• [GIVEN MATERIAL]:

────────────────────

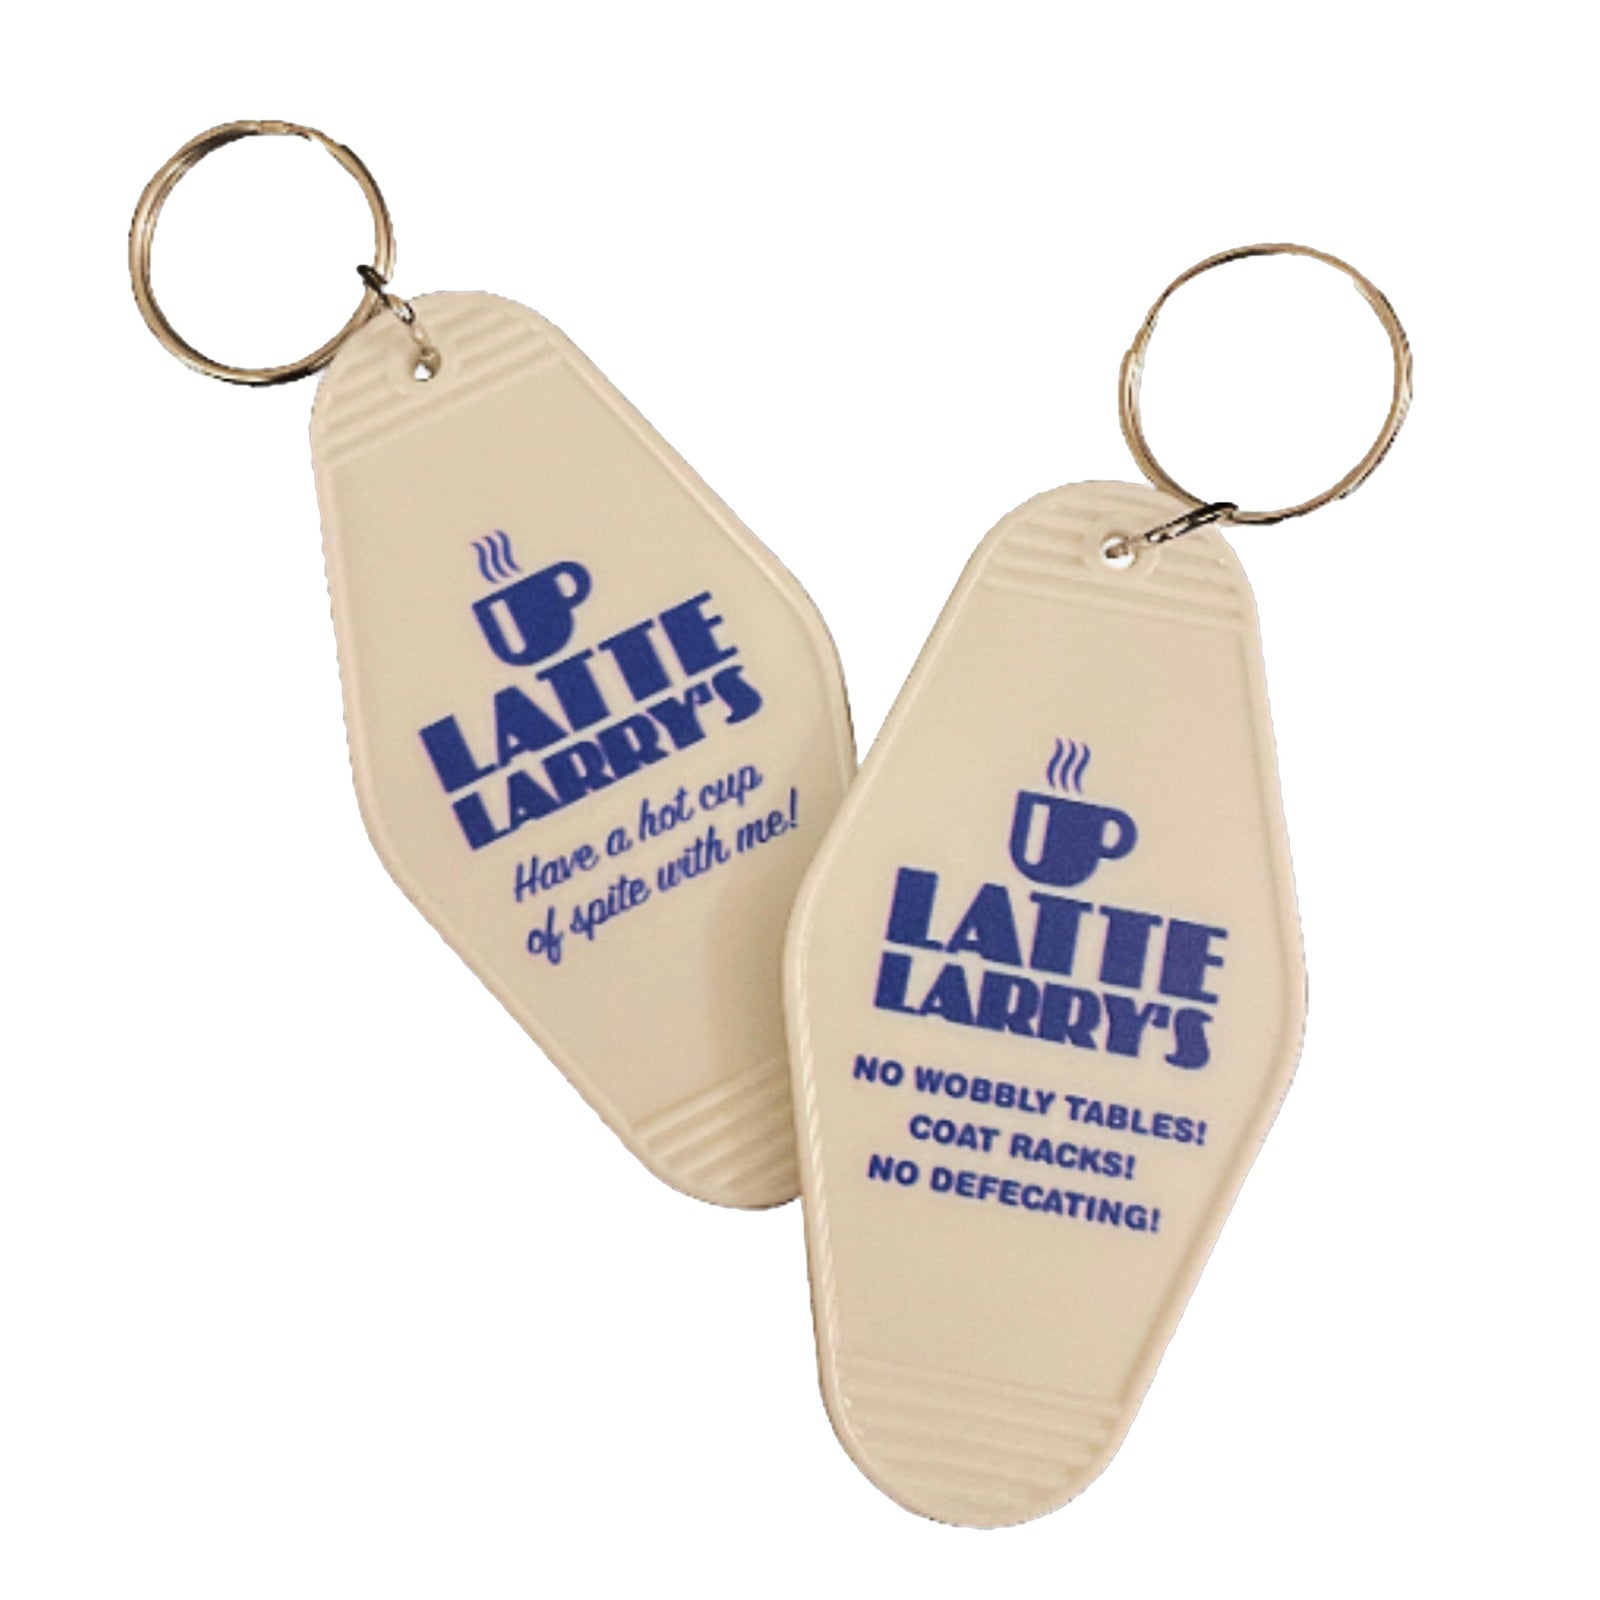 Latte Larry's Keychain - [aka]
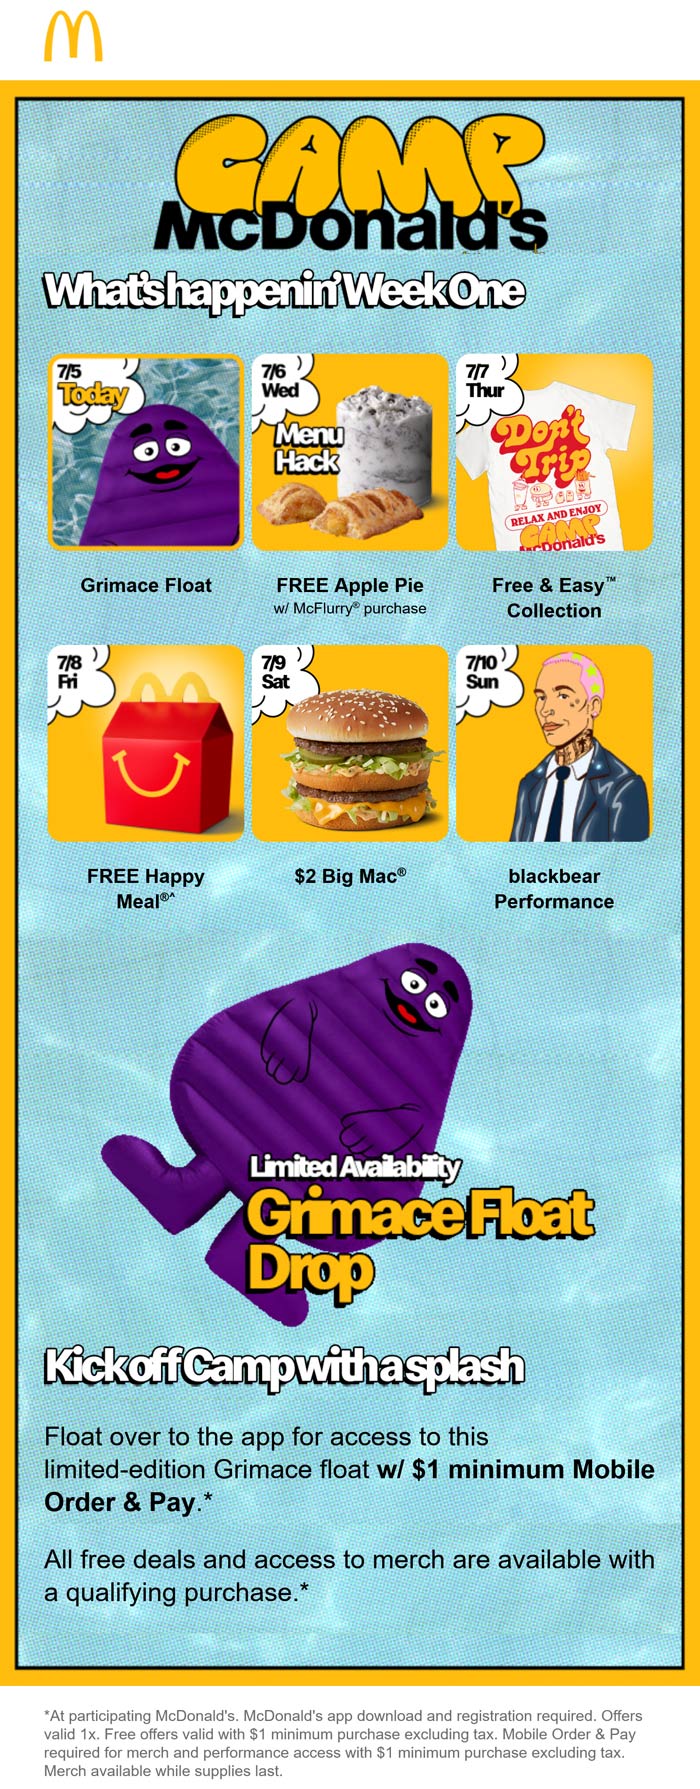 McDonalds restaurants Coupon  Free happy meal & more this week at McDonalds restaurants #mcdonalds 
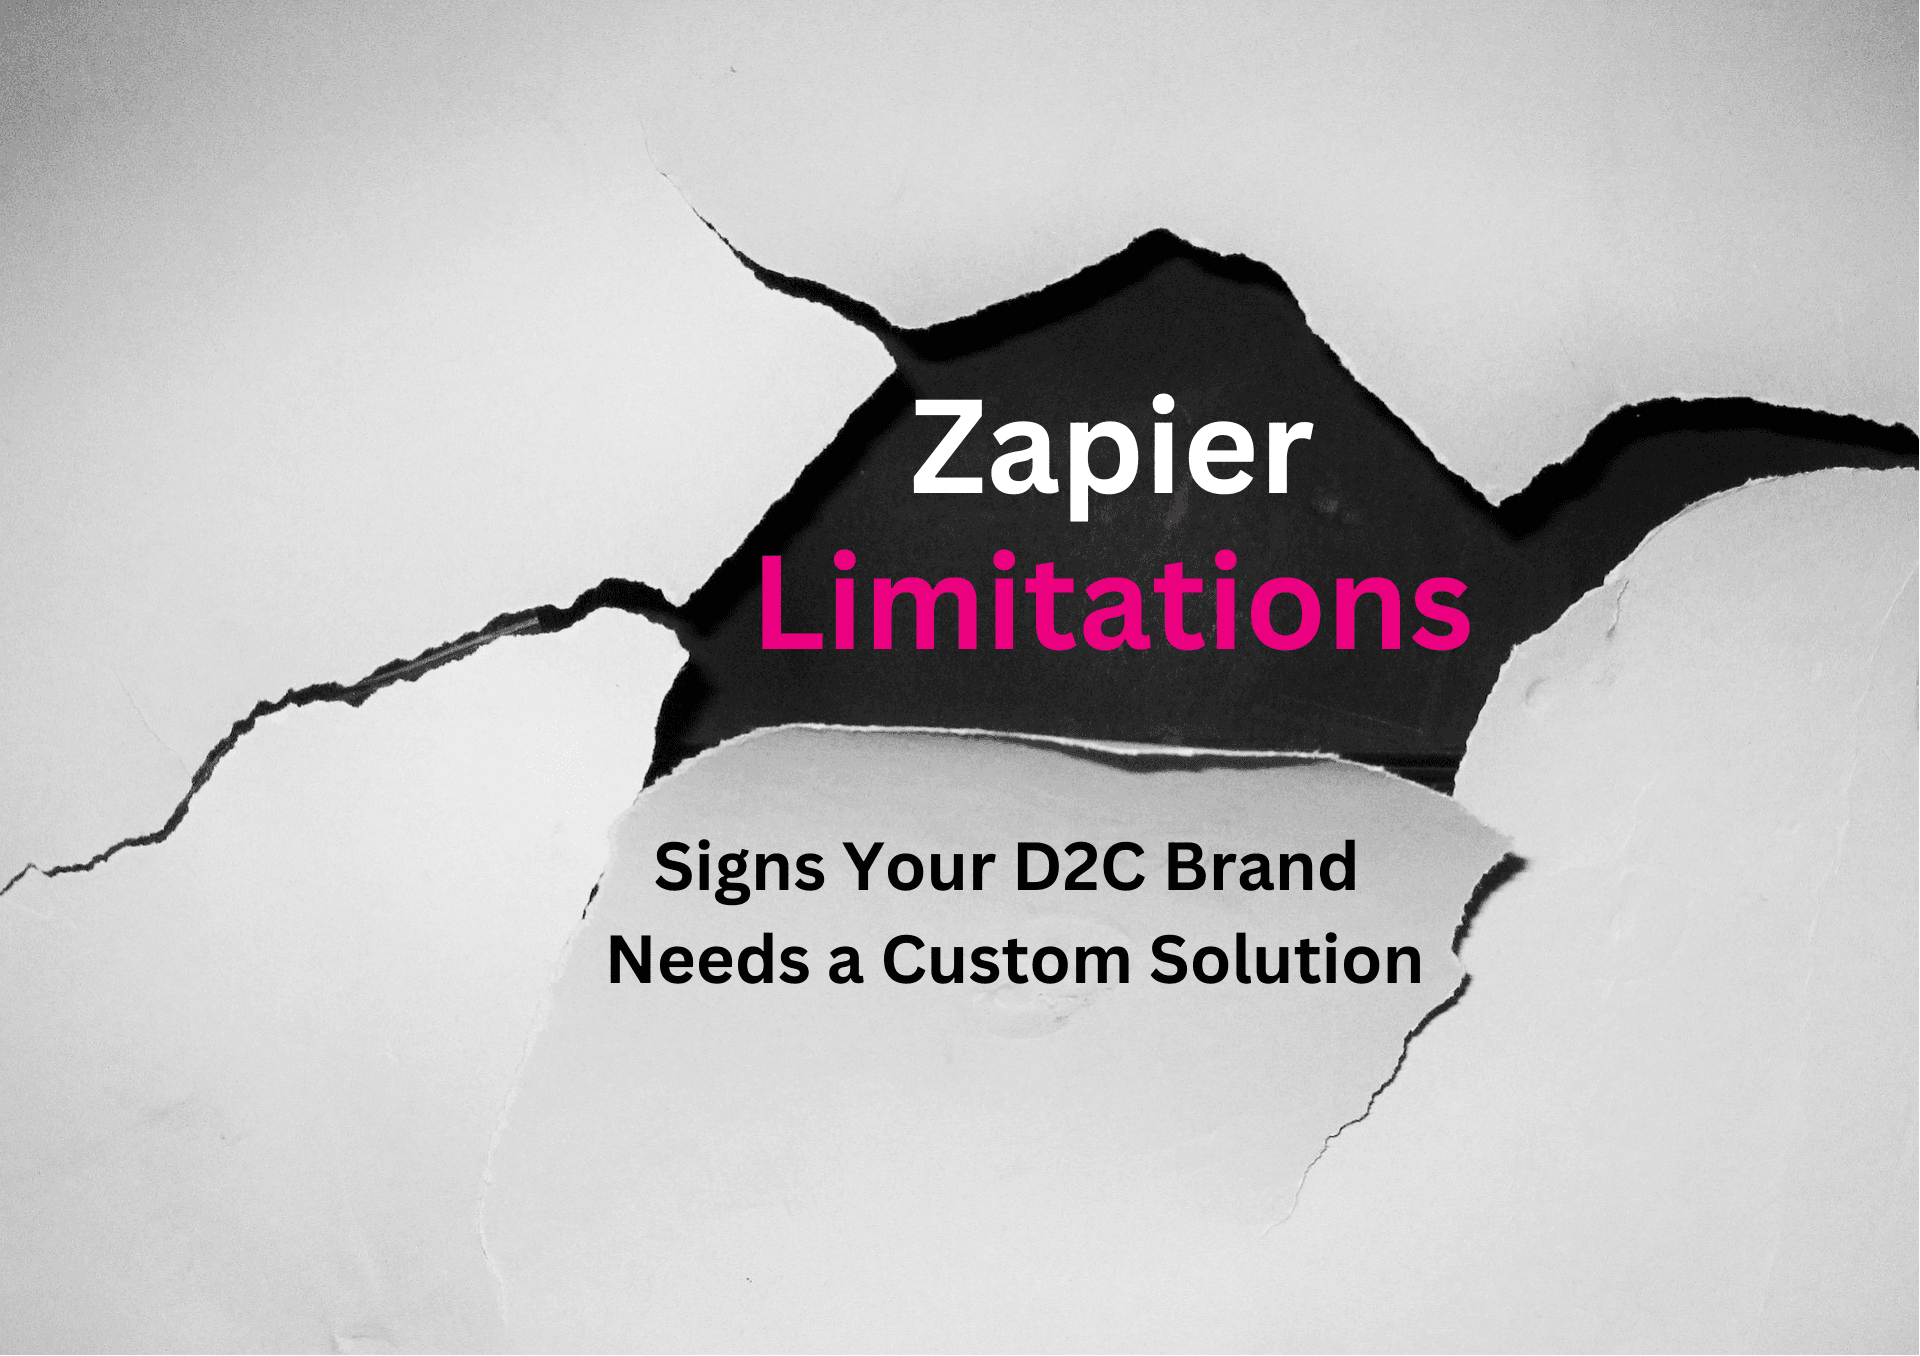 Zapier Limitations: Signs Your D2C Brand Needs a Custom Solution

────────────────────

• [WHAT TO PRODUCE]: Pictures are not part of the copy; transcribe the rest of the data verbatim.

• [RESPONSE FOR THIS EXERCISE]:
 Latte Larry's Keychain - [aka]
 McDonalds restaurants Coupon  Free happy meal & more this week at McDonalds restaurants #mcdonalds 
 Zapier Limitations: Signs Your D2C Brand Needs a Custom Solution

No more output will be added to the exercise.